How do people feel about the loss of the Fighting Souix Nick name?


----------



## huntin1 (Nov 14, 2003)

Chuck Smith said:


> How do people feel about the loss of the Fighting Souix Nick name?


It sucks.

Since I am part Irish I think I should start a petition to force the NCAA to put the same sanctions on Notre Dame. Calling their team the fighting Irish is derogatory to me and my brother Irishmen.

What a crock.

Huntin1


----------



## Plainsman (Jul 30, 2003)

We blinked.


----------



## north1 (Nov 9, 2010)

As to the und nickname, I have mixed feelings. I graduated from UND in 1992 and still have close ties with some professors. I know they had a very promising prospect for a chemistry professor who decided not to take a job at UND because of the nickname. This was due to the bad press and possible difficulties in obtaining research grants.

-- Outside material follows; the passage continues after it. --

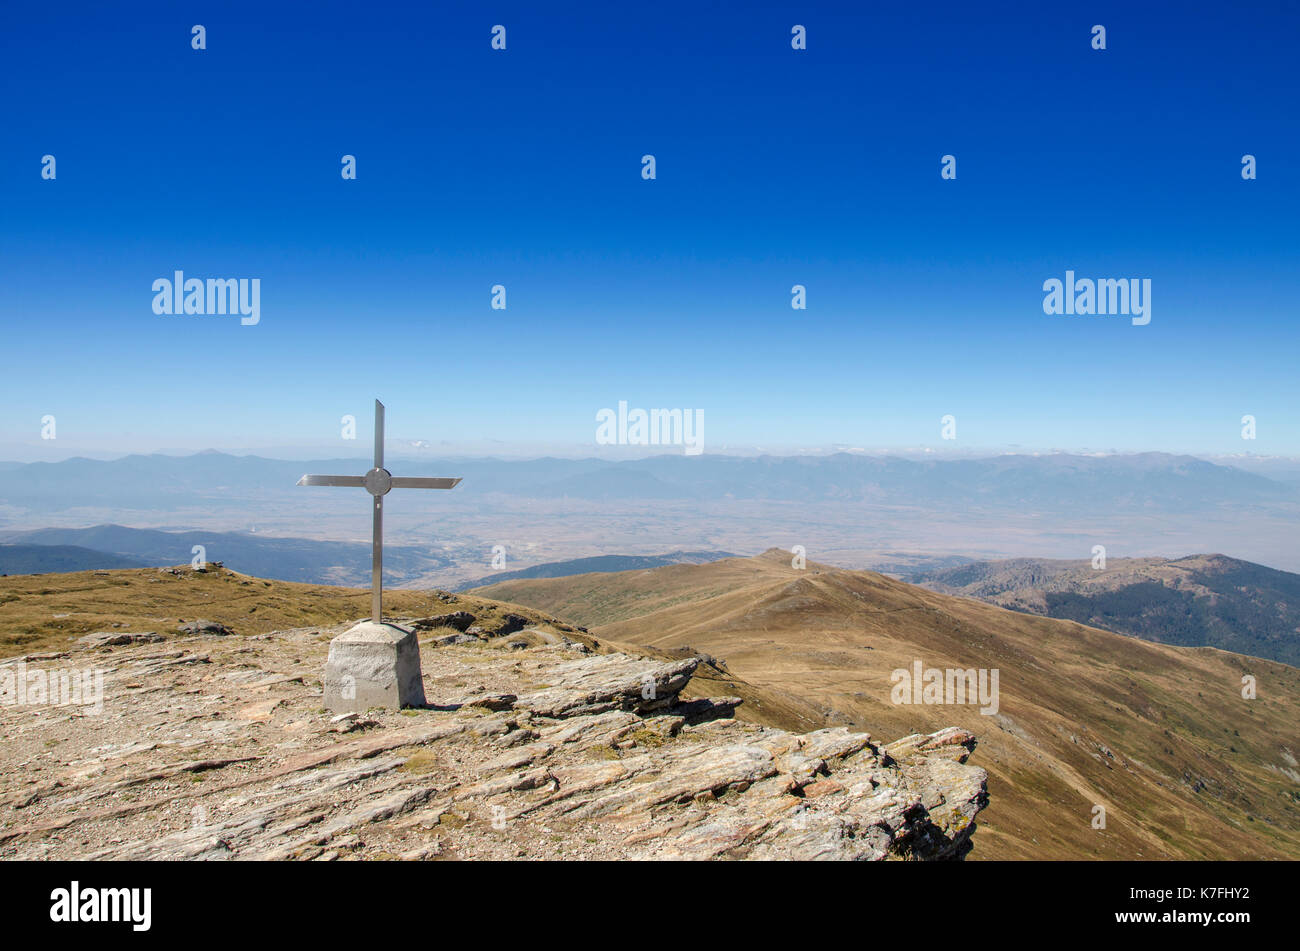 Kreuz - Kajmakchalan-WW 1 Lage - Mazedonien - Griechenland Grenze Stockfoto

I too am Irish, and Norwegian so throw the Vikings in the pool of deragatory nicknames. Oh while were at it lets add the Florida Seminoles, Clevland Indians, Washington Redskins. Yes, I know the last two are professional teams. We could go on and on. The NCAA are simply a bunch of hippocrites who singled out one college. Really is sickening one group has that much power.
But it is hopefully over, we can move on and create a new legacy with a new nickname.


----------



## teamflightstoppersND (Feb 20, 2009)

north1 said:


> I know they had a very promising prospect for a chemistry professor who decided not to take a job at UND because of the nickname.


These people have caused the demise of the Sioux nickname. They think they know better than the majority of the rest of us. I have NEVER seen a local or national poll that opposed the Sioux nickname. Frankly I would rather not have any of those extreme professors at UND. They will not be denied funding for research because of the nickname.


----------



## huntin1 (Nov 14, 2003)

Does anyone else find it interesting that the major push to get them to keep the name is coming from Standing Rock and Spirit Lake Reservations. So the people who want to keep the nickname are the people who NCAA says are offended by it.

huntin1


----------